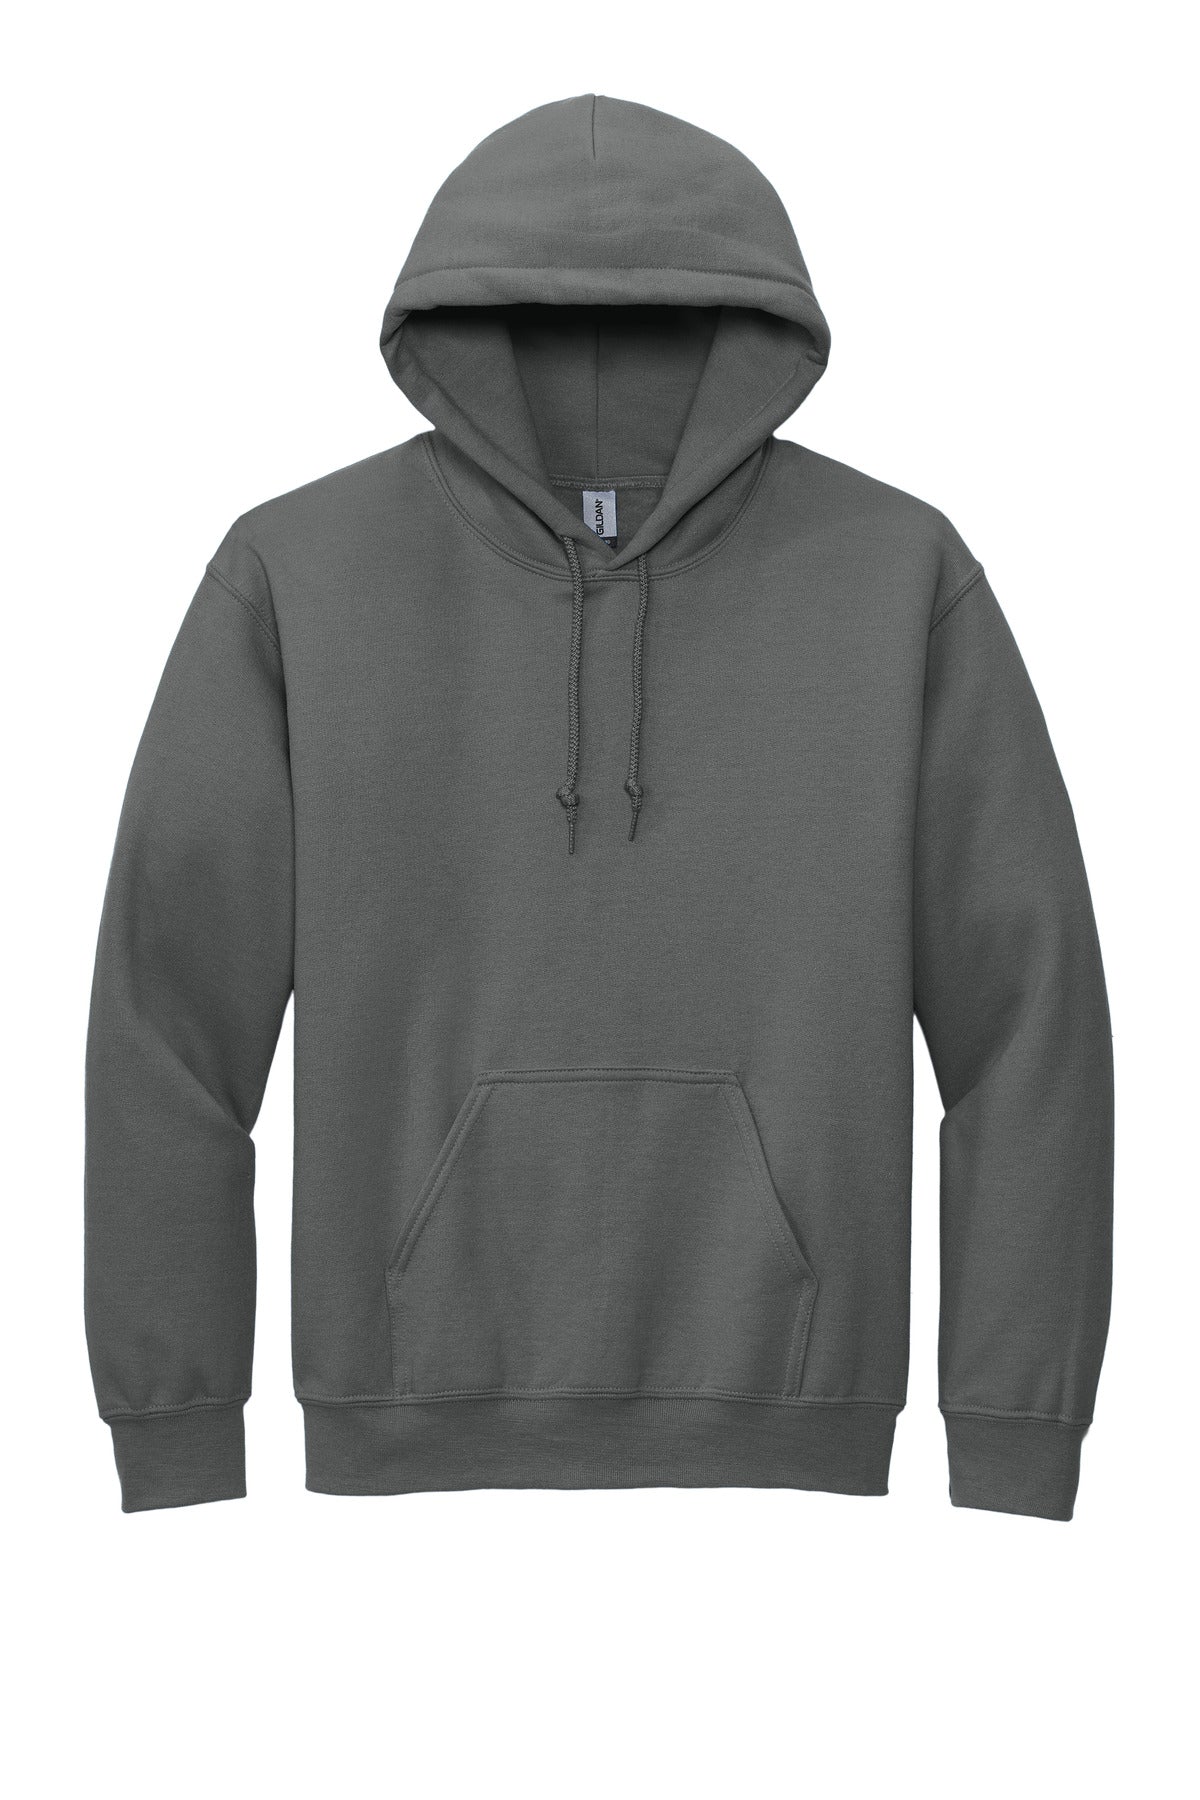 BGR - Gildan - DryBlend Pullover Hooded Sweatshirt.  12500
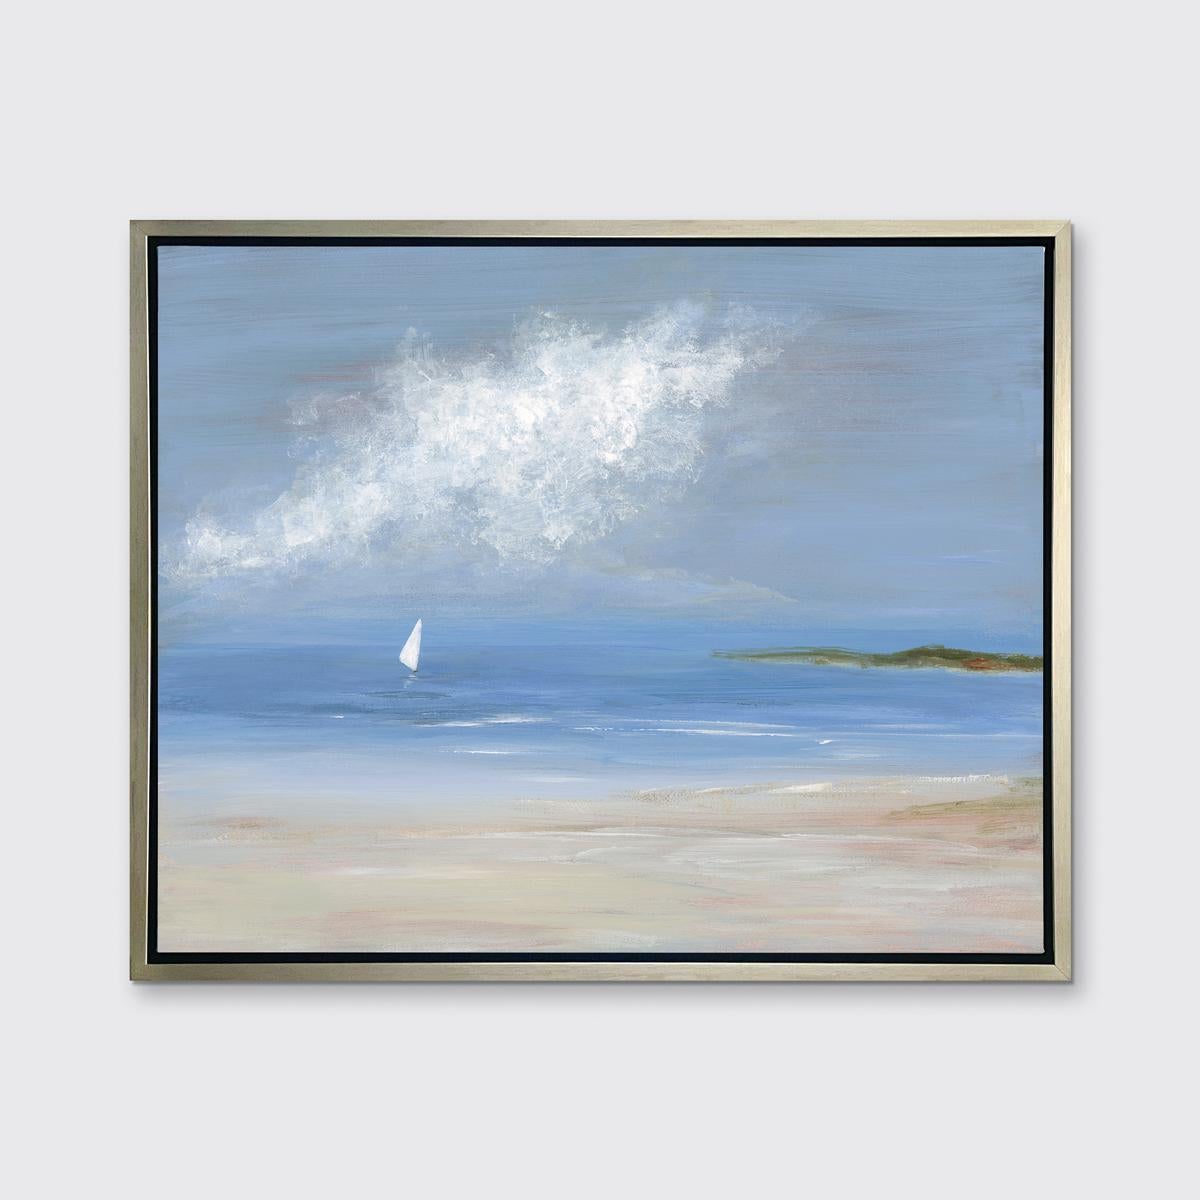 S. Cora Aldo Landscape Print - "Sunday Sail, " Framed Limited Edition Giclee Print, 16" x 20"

---

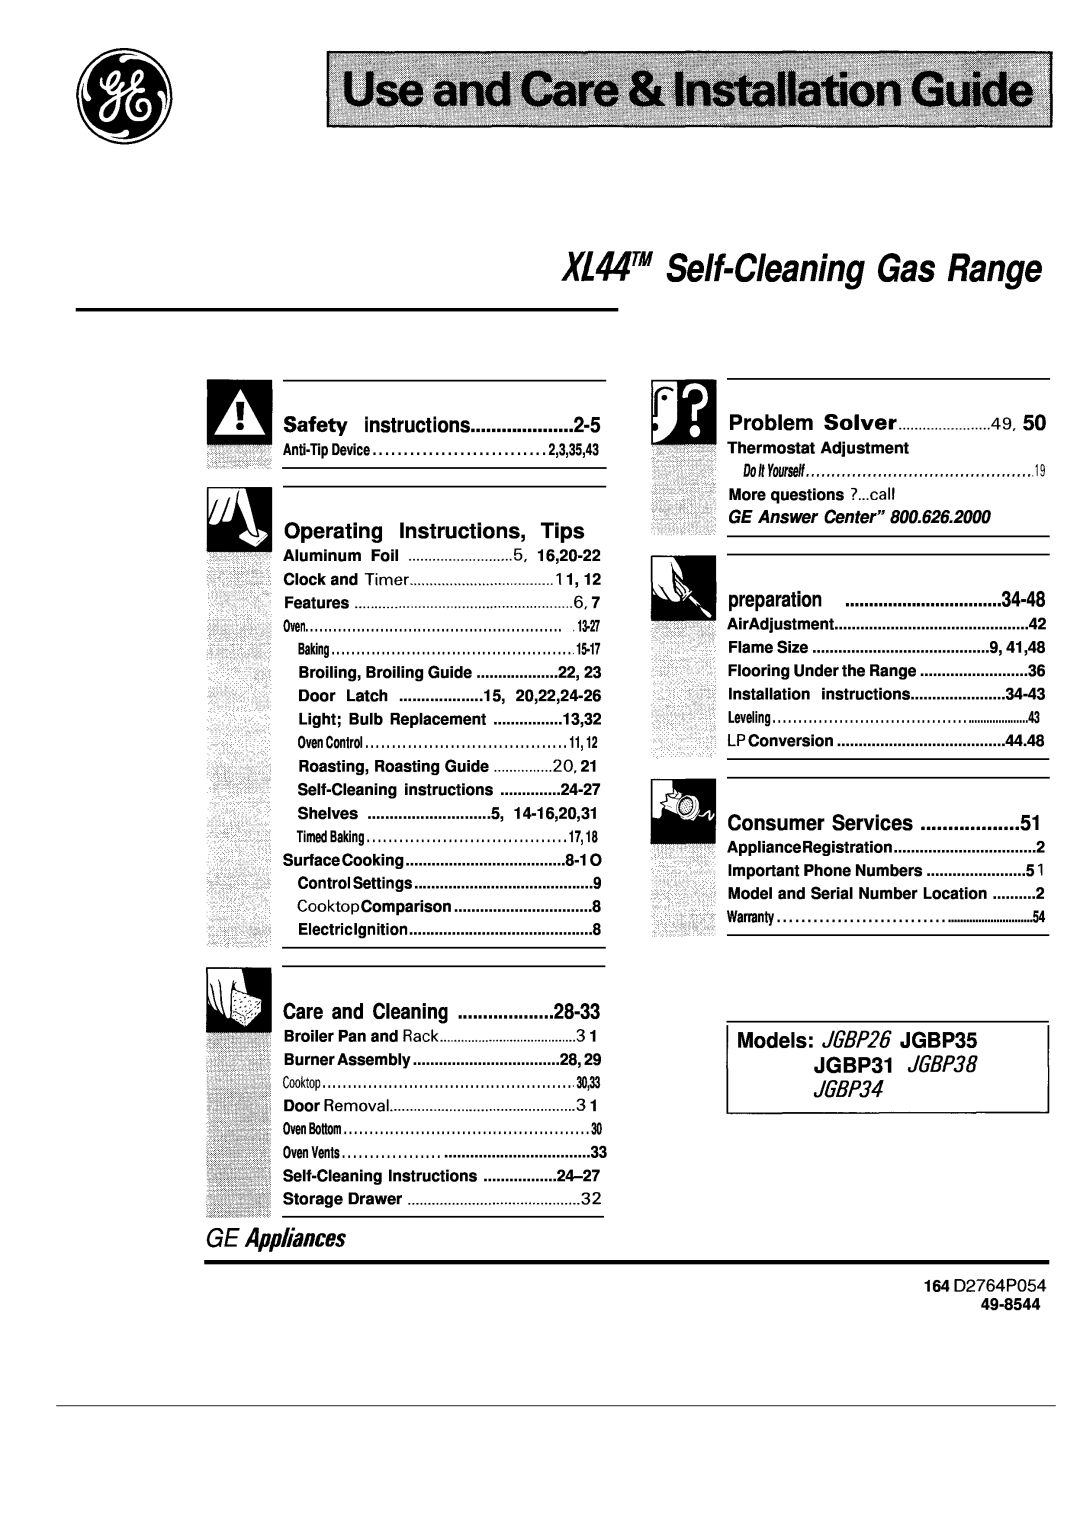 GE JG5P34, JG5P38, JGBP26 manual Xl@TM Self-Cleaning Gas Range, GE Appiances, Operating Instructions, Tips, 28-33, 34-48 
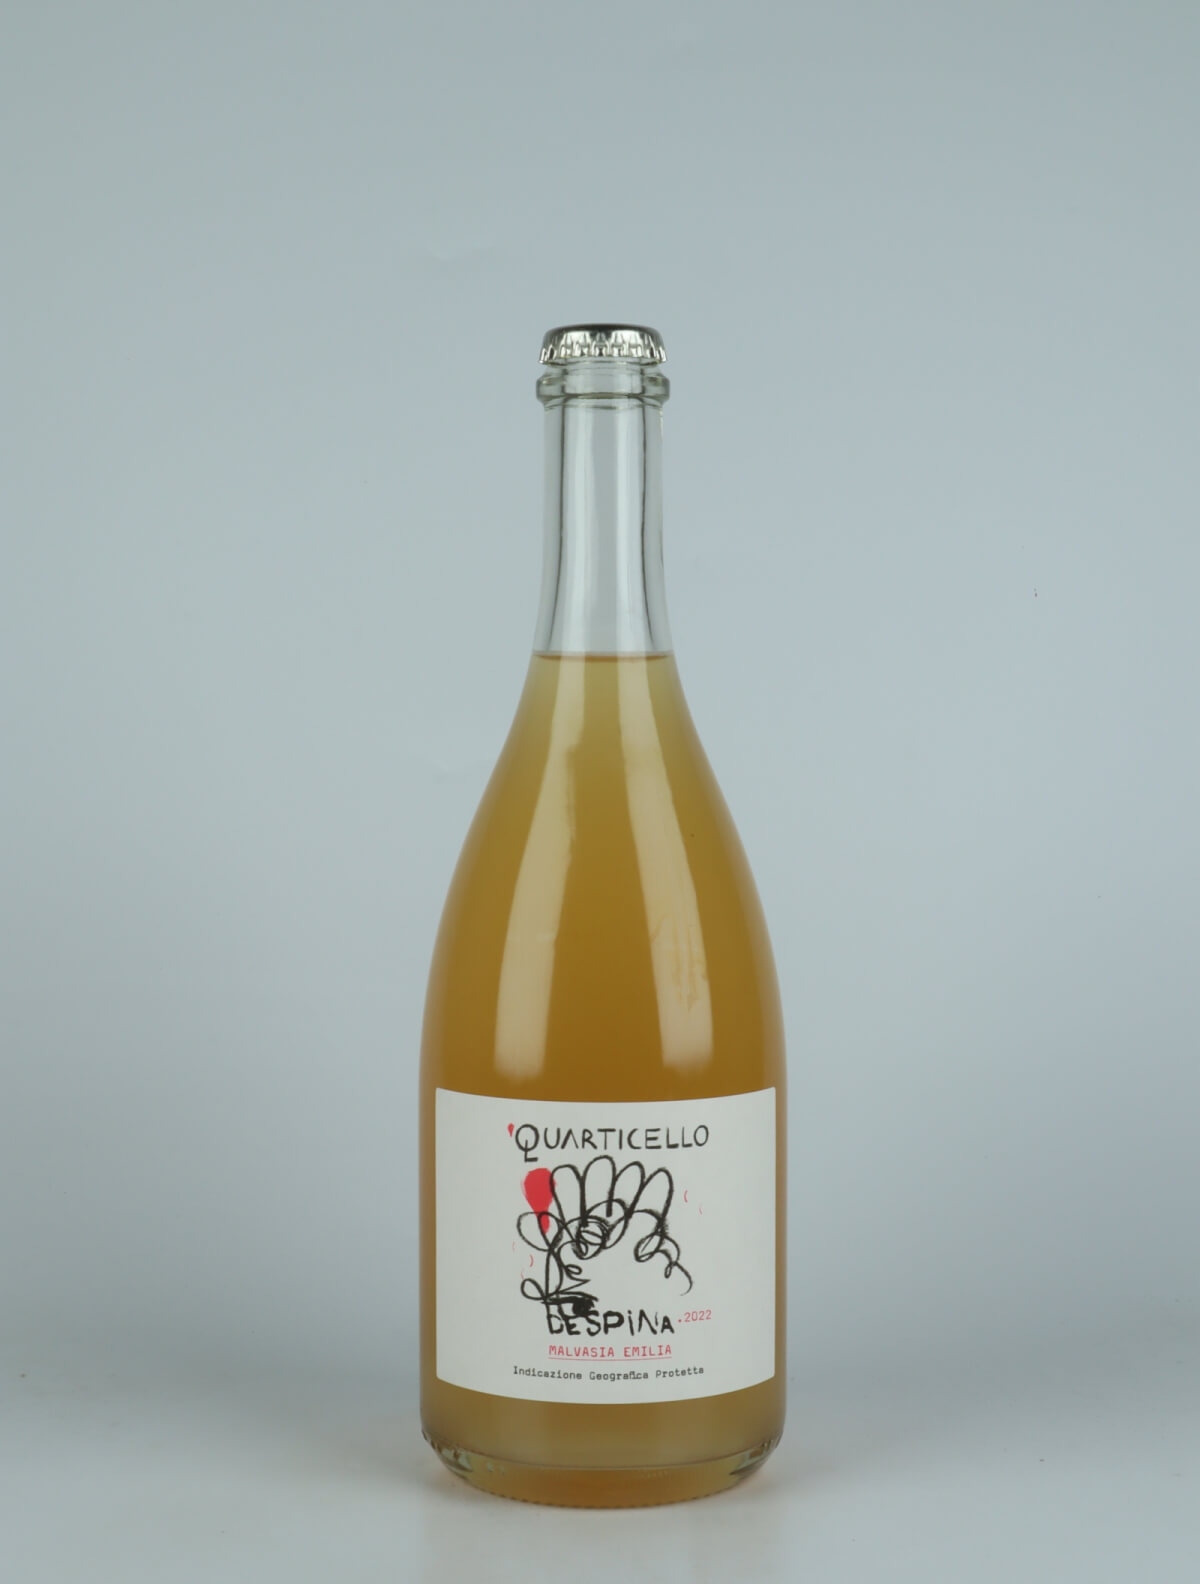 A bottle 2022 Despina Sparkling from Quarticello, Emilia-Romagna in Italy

> To do:
The reply should hold the entries above from the line with "BGR - Gildan" to the line with "S. Cora Aldo", duplicated exactly, pictures excluded.

> Answer area:
 BGR - Gildan - DryBlend Pullover Hooded Sweatshirt.  12500
 S. Cora Aldo Landscape Print - "Sunday Sail, " Framed Limited Edition Giclee Print, 16" x 20"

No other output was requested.